See Right Through Your Plastic Mac
As far as I can tell, I've been in physical therapy twice a week since before Christ roamed the earth with his trusty dinosaurs. Mr. DBK asked last week what my complaint was, since apparently I complain with great enthusiasm but few specifics. My bad. Back when the sports doctor stared at my X-rays and turned pale, he saw three separate problems: an S-I joint wildly out of alignment, arthritis in the hip joint he'd expect to see in a person approaching retirement and the whole hip was twisted to the left. The X-ray didn't show two angry muscle groups staging their own protests. On the one hand: it was a tremendous relief when contact with the medical profession didn't leave me frustrated and the professional scratching her/his head. On the other hand: FUCK! It sounded like I was looking at hip replacement. Let me tell you something about replacement hips: they dislocate with flexion greater than 90 degrees. That would certainly leave a mark on my illustrious career as a dirty whore.

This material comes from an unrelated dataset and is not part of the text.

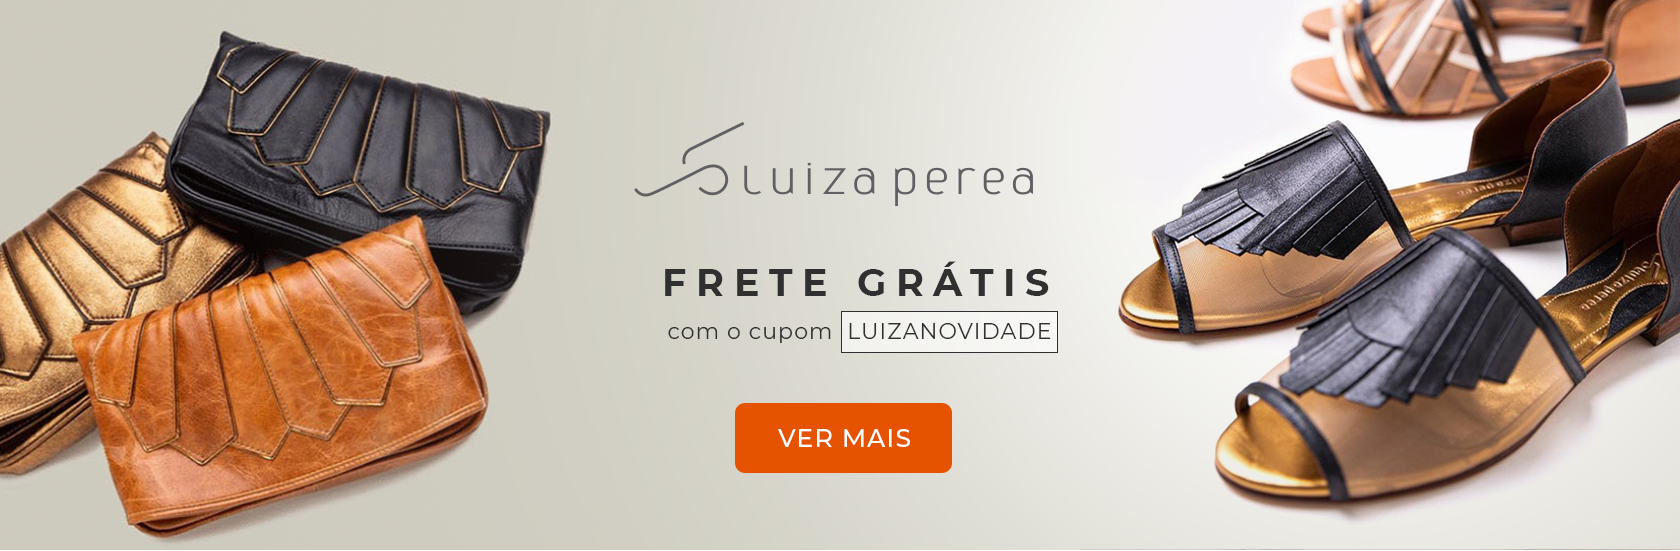 Banner 2 - LUIZA PEREA

It would have been hypocritical to write about greener living when I was driving everywhere. I came very close to buying a cane and I probably will in the next year or so, but with a lot of therapeutic work, a few adaptations and a stream of obscenities in my wake that'd make a sailor proud, I can now walk to and from work most days. Hooray and all, but I'm not prepared to get back on my carbon footprint soapbox yet until I work out why one muscle group won't fall in and the therapist is frustrated. So: twice a week, the therapist sticks her elbow into knotted spots near my rump that would elicit screams if I were a normal person, but I laugh. Someday, this will be a rip-roaring story. Why wait?
Pete and I are shopping for an umbrella clothesline like Pete's mother had. It was second base when we played kickball in his backyard. That was a great thing: hitting your head - clang! - on second base. Drying clothes outdoors is good for us because it'll save gas and electricity. One of the tenants hang-dries her clothes inside her apartment, which is just silly. We can benefit, she too. Clotheslines run between $50-$100. Soon, I think!
Another thing we're working on is a leaf shredder. We live under huge old trees and in the fall, Pete counts on raking up at least a dozen of those municipally distributed bags of leaves, while I thank Kali there's a halfway decent chocolatier in town so I'm nibbling so-so bonbons while he's working that hard. So anyway, it dawned on me that if we shredded leaves we could stop buying mulch at Lowe's. Hooray and all, I bet I could get a mowing attachment on a Segway, if I put my mind to it, but I might need my mind later. It would be silly to lose it now.